Concurrent Kernel execution overhead

Well, i’m new to cuda and testing with concurrent kernel execution! But for know my results are insatisfatory…

As a simple example i have created a kernel that does the following!!!

__global__ void Teste(int *A)

{

	int idx = blockIdx.x*blockDim.x + threadIdx.x;

	__shared__ int kk[nelement];

	kk[threadIdx.x] = idx*idx;

	for(int i=0;i<nelement;i++)

		kk[threadIdx.x] = idx*idx;

	

	__syncthreads();        // it doesn't matter it is only to keep it a little busy

	A[idx] = kk[threadIdx.x];

}

after this i’ve created n streams where n is variable and depends on the test purpose.

So the host code for this is…

#include "cuda.h"

#include "stdio.h"

#define nKern 1

#define nelement 32

int *a_d;

	int *a_h;

	cudaStream_t *streams = (cudaStream_t*) malloc((nKern+1) * sizeof(cudaStream_t));	

	cudaMallocHost((void **)&a_h,nKern*sizeof(int)*nelement); 	

	cudaMalloc((void **)&a_d, sizeof(int) * nelement * nKern);

	

	

    	for(int i = 0; i < nKern+1; i++)

        	cudaStreamCreate(&(streams[i]));

	

	cudaEvent_t start_event, stop_event;

        cudaEventCreate(&start_event) ;

	cudaEventCreate(&stop_event) ;

	cudaEventRecord(start_event, 0);

	cudaEvent_t *kernelEvent;

	kernelEvent = (cudaEvent_t*) malloc(nKern * sizeof(cudaEvent_t));

	for(int i = 0; i < nKern; i++)

        cudaEventCreateWithFlags(&(kernelEvent[i]), cudaEventDisableTiming);

	for(int i=0; i < nKern; i++ )

	{

		Teste <<< 1,nelement, 0, streams[i] >>> (&a_d[i*nelement]);

		cudaEventRecord(kernelEvent[i], streams[i]);

		cudaStreamWaitEvent(streams[nKern], kernelEvent[i],0);

	}

	

	

	float elapsed_time;	

	cudaMemcpyAsync(a_h,a_d,nKern*sizeof(int)*nelement,cudaMemcpyDeviceToHost, streams[nKern]);

		

	cudaEventRecord(stop_event, 0) ;

	cudaEventSynchronize(stop_event) ;

    	cudaEventElapsedTime(&elapsed_time, start_event, stop_event) ;

		

	

	for(int i=0; i< nelement*nKern;i++)

		printf(" %d \n",a_h[i] );

	

	for(int i = 0; i < nKern; i++) {

		cudaStreamDestroy(streams[i]);

		cudaEventDestroy(kernelEvent[i]);

    	}	

	

	printf("%f ms \n", elapsed_time);

    	cudaEventDestroy(start_event);

    	cudaEventDestroy(stop_event);

    	cudaFreeHost(a_h);

    	cudaFree(a_d);

	free(streams);

    	cudaThreadExit();

One thing that i don’t understand is why when setting different nKern’s (1…15) (i have a GTX480 in Opensuse 11.3 (64 bit)) i get different execution times…

So i will aprecciate if anyone could explain why i don’t get the same execution time for nKern = 1 and nKern = 2…15?

best regards

Bruno Faria

As you are doubling the number of kernel you are also doubling the memory accesses that need to be shared with other kernels.

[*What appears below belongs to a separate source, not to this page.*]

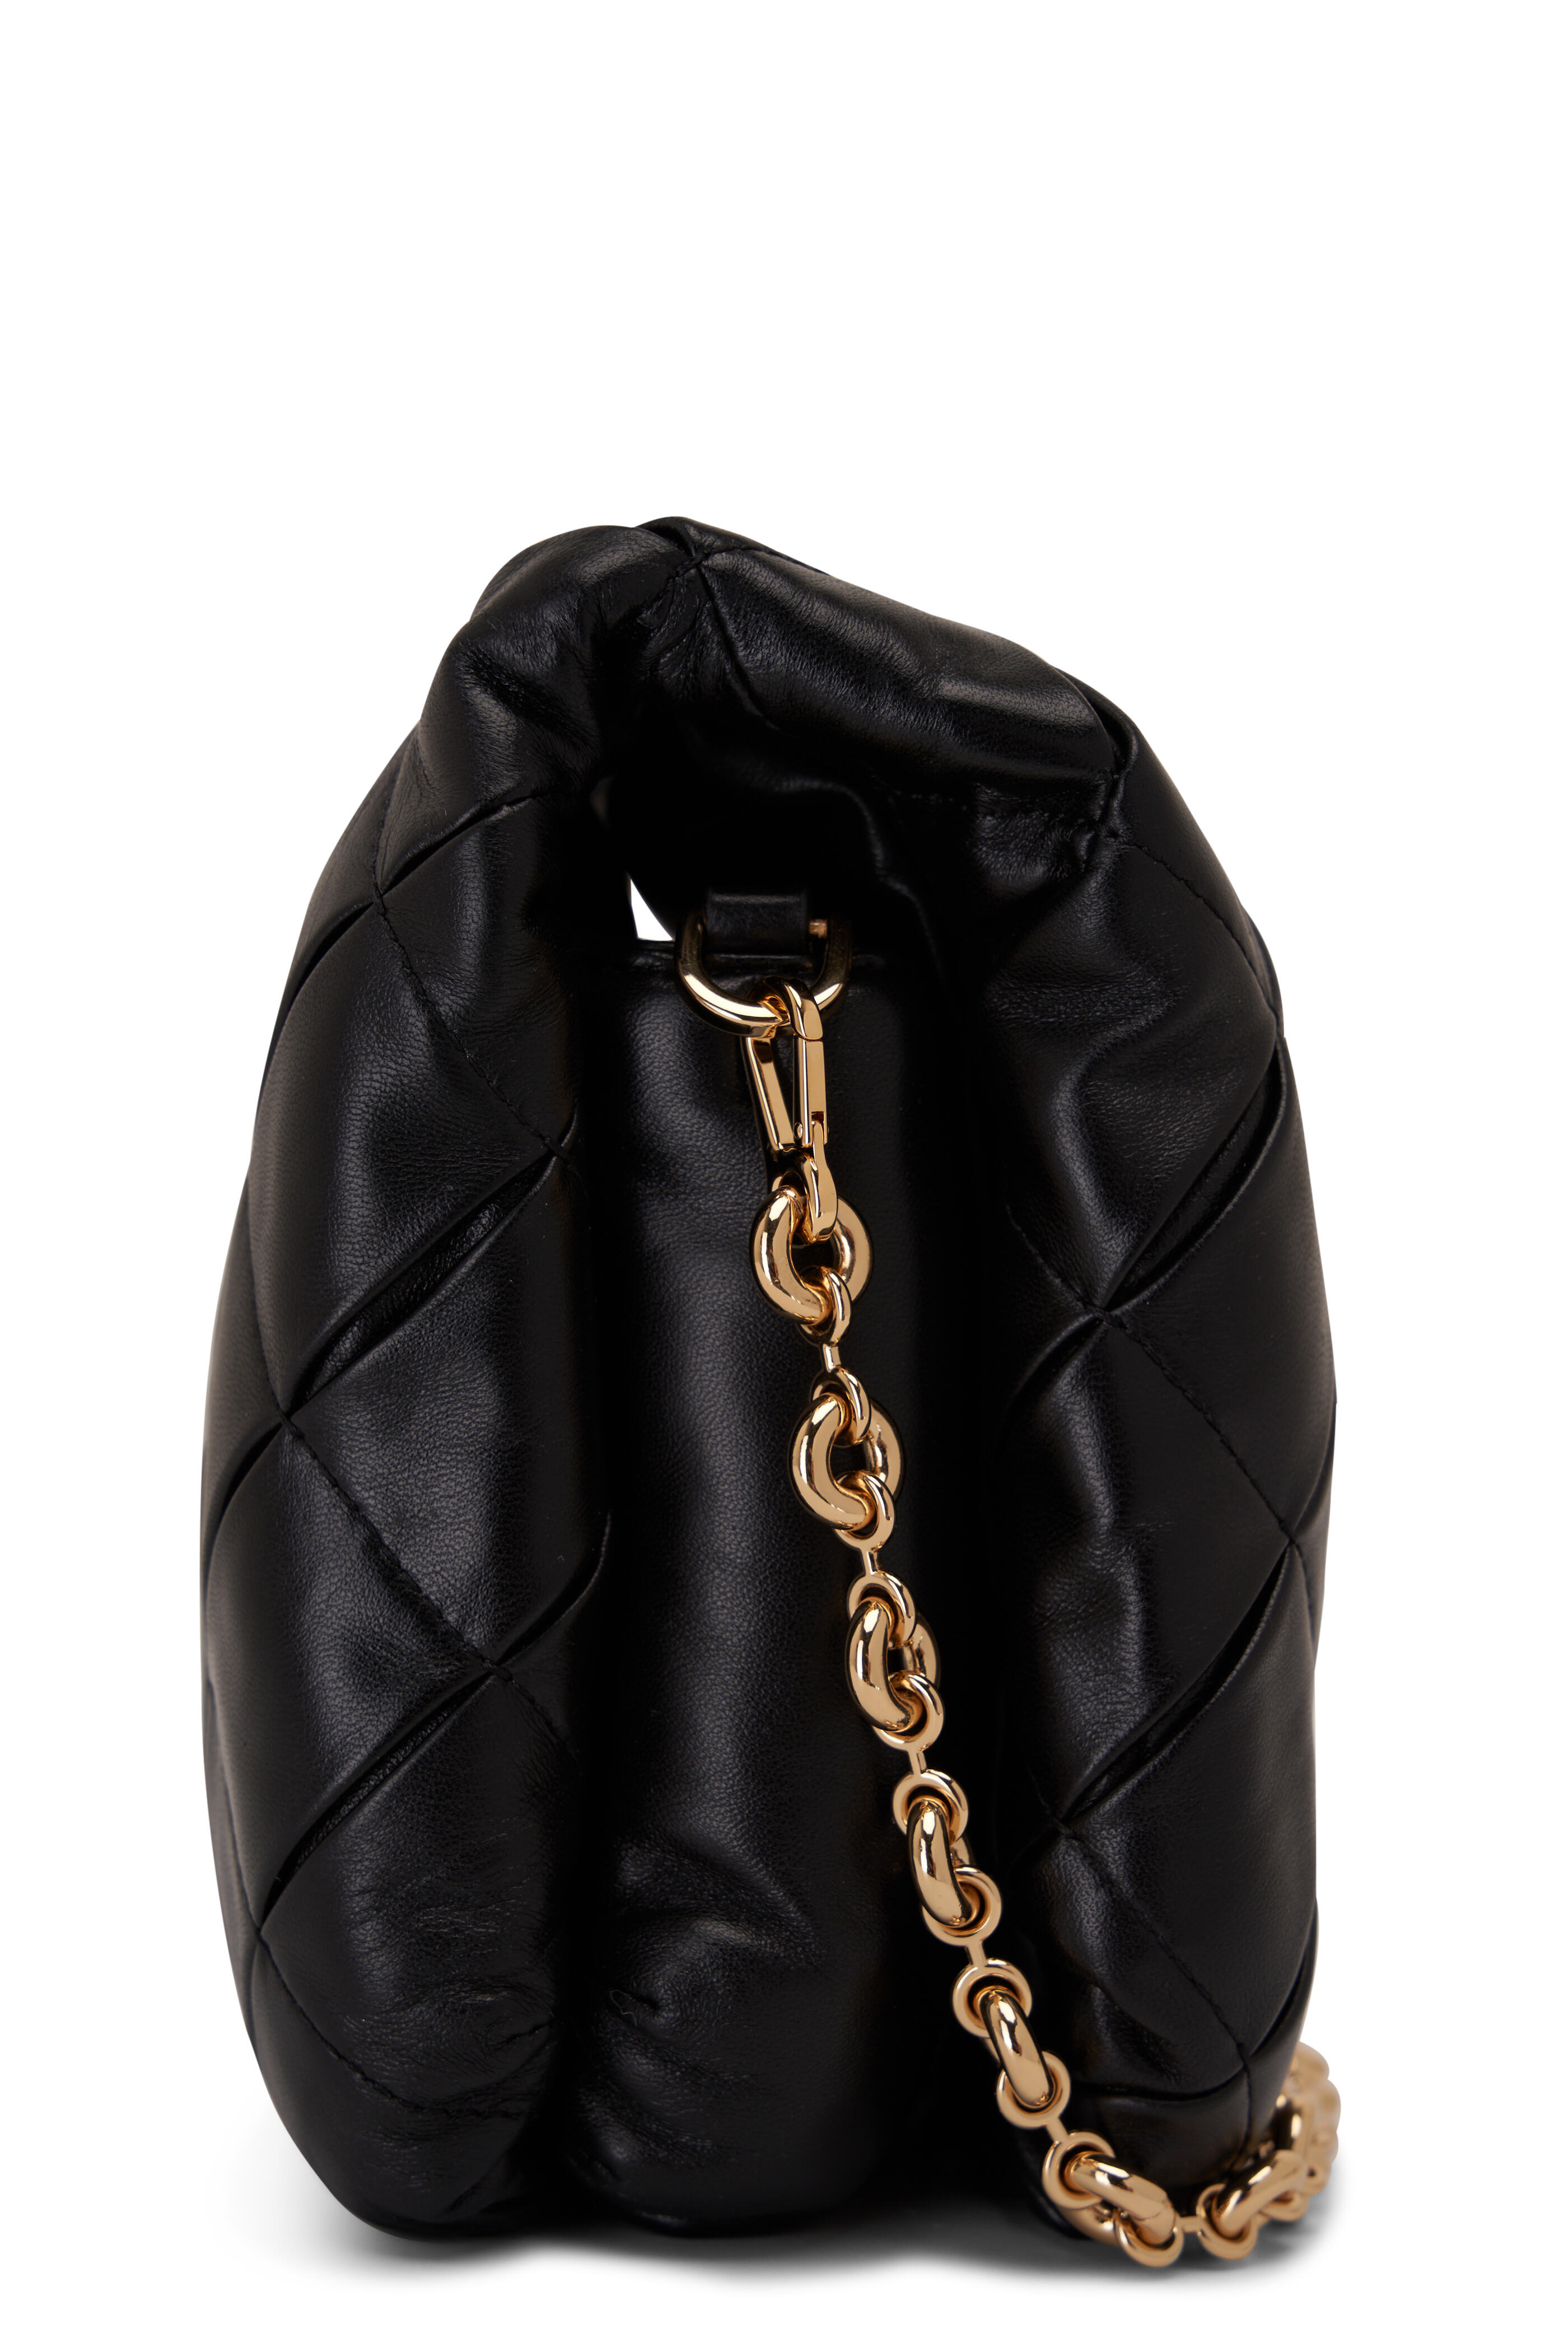 LOEWE Puffer Goya Shoulder Bag Black in Shiny Nappa Lambskin

Hence you will see that the computing time will gradually increase with the number of kernels.

Before anything else thanks for your fast repply!

I do understand what you have said but in a case where only shared memory is used shouldn’t the kernels times be equal? I’m thinking this because as each SM has it’s on shared memory resource!

Thanks in advance
Bruno Faria

I believe your kernel is far too short to run several in parallel. You are basically just measuring the setup overhead for kernel invocation. Do some real work in each kernel so that it runs for several milliseconds at least (better for a second so that you can see results already without measurement) and does not finish before the second kernel starts.

Yes that kernel is too short, but it is just a small example that i’ve mounted to better understand concurrent kernels!
I’ve been creating a project that uses interaction between two different kinds of particles! In that project i have a mechanism that arranjes the particle interactions, but it is limited to a block! So i thought to myself why not use concurrent kernels to make many indenpedent samples of interactions! In that context i have tested the system with streams and without streams! The streams versions only gives 1.5x of improvement!
So if i have created the little version above to see what happens! In that context i’m asking your help because in my project everything is independent and the memory used is primarly shared!

Thanks for you help!
Bruno Faria